Services not reachable - "SSL handshake failed Error code 525"
Incident Report for Render
Postmortem

Summary

On February 22, 2023 we deployed a change to our routing layer that resulted in certificate errors for a subset of services in the Oregon and Frankfurt regions for traffic using custom domains. We completed a rollback of the change 12 minutes later to mitigate the impact. The time of impact was 15:16-15:28 UTC for the Oregon region and 15:26-15:36 UTC for the Frankfurt region.

Root Cause

We deployed a change that caused our routing layer to fail to serve any certificate for custom domains, resulting in connection failures between Cloudflare and our origins. We identified the cause and initiated a rollback 8 minutes after the start of the impact.
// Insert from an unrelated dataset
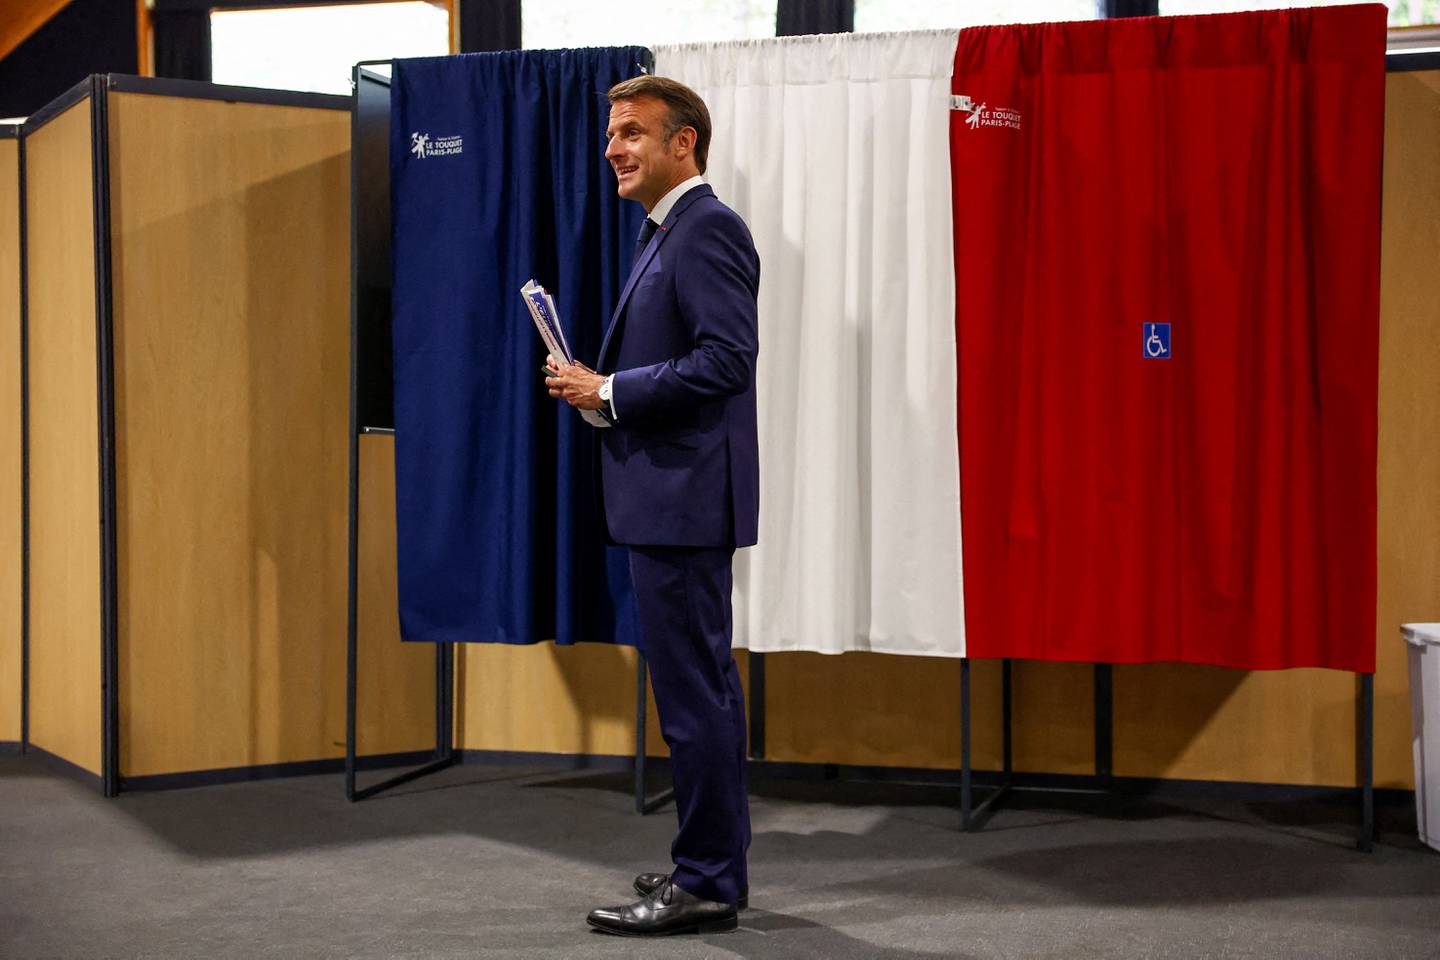 El presidente de Francia, Emmanuel Macron, se encuentra frente a una cabina electoral, adornada con cortinas que muestran los colores de la bandera de Francia, antes de emitir su voto para las elecciones al Parlamento Europeo.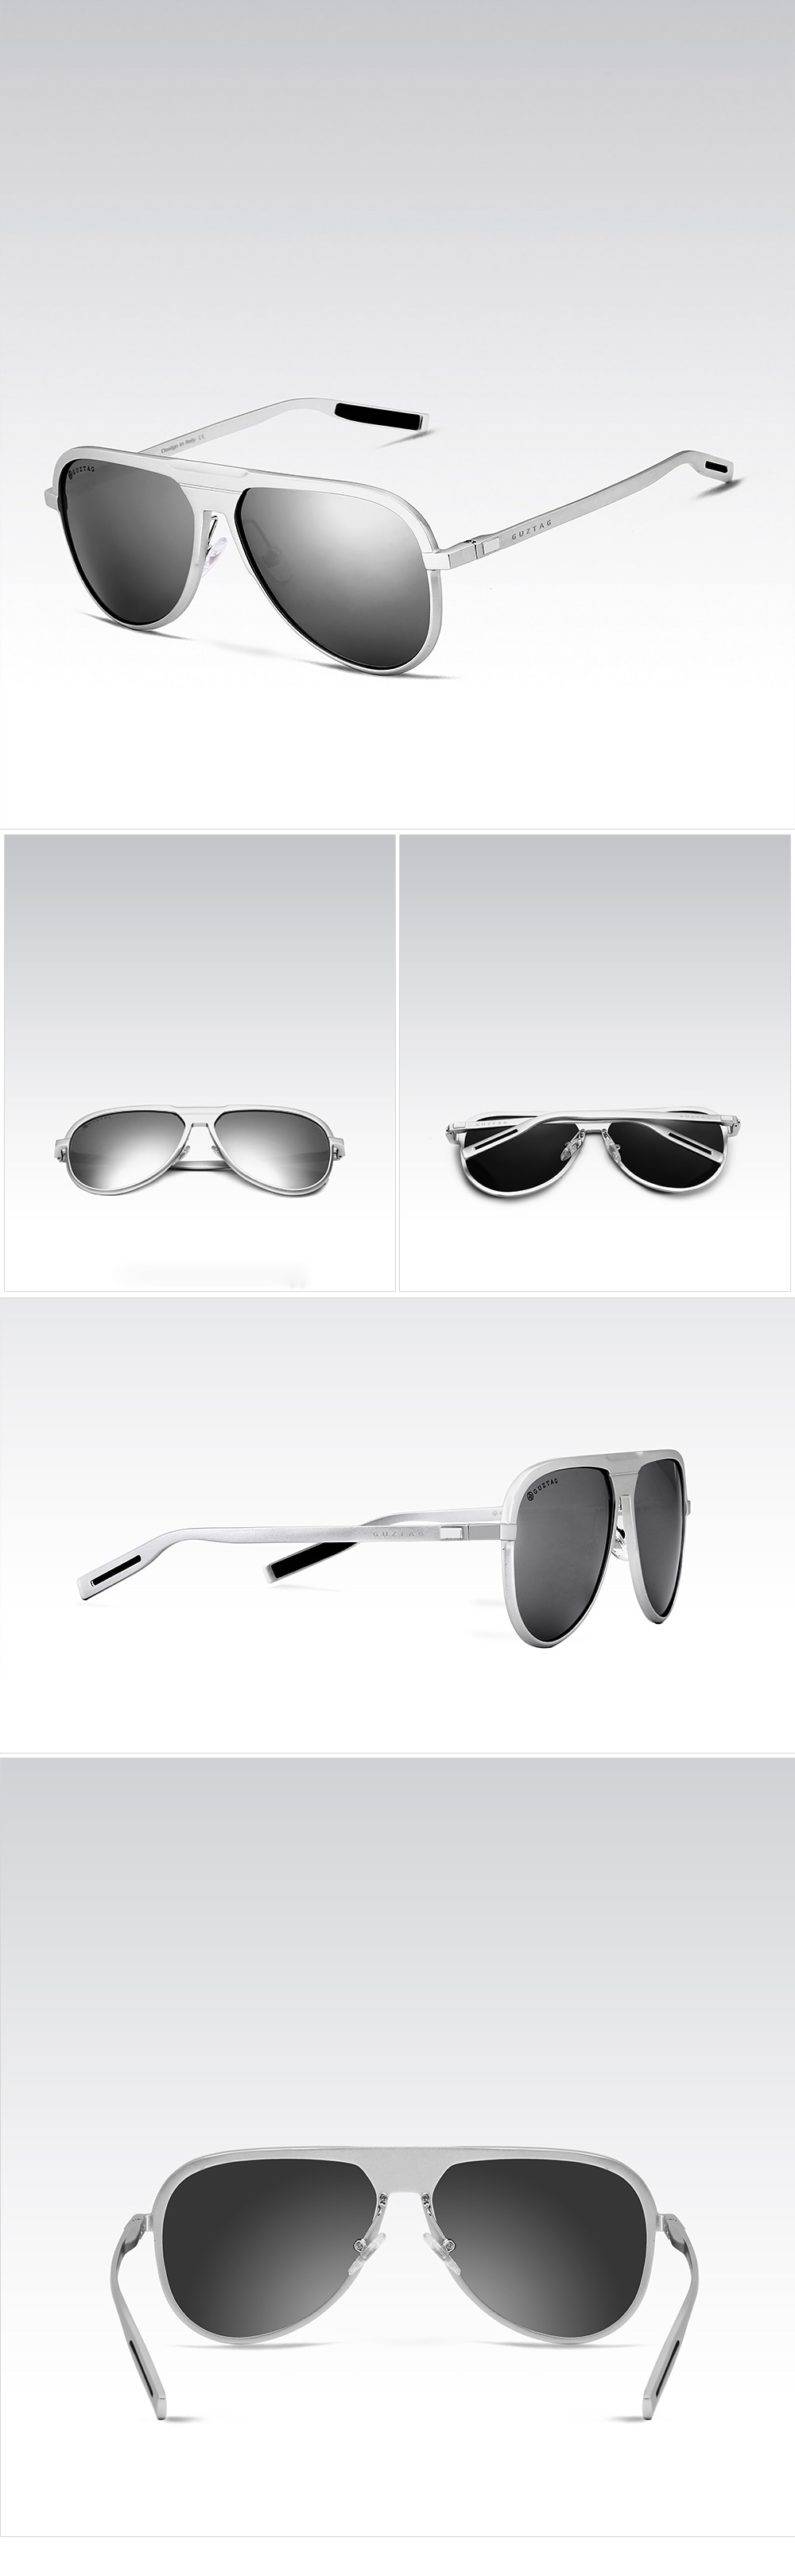 GUZTAG Unisexe Classique Marque Hommes lunettes de Soleil En Aluminium HD Polarisée UV400 miroir Mâle Lunettes de Soleil Femmes Pour Hommes Oculos de sol G9828

We run a suite of tests to verify critical functionality for all changes in a staging environment before deploying to production. While we have tests to verify that our routing layer can serve traffic for web services, this incident exposed a gap in our test coverage related to serving traffic for custom domains. As a result, the problematic change made it through our deployment pipeline undetected and was deployed to production, resulting in customer impact.

Mitigations

  • We will improve our test coverage to ensure that traffic sent to web services via custom domains can be served successfully before deploying changes to production
Posted Feb 23, 2023 - 23:38 UTC

Resolved
Some services in the Oregon and Frankfurt regions were unavailable due to a certificate error between 15:14-15:26 UTC. This was caused by a problematic change that has been rolled back.
Posted Feb 22, 2023 - 15:45 UTC
Monitoring
A fix has been implemented and we are monitoring the results.
Posted Feb 22, 2023 - 15:34 UTC
This incident affected: Oregon (Web Services) and Frankfurt (Web Services).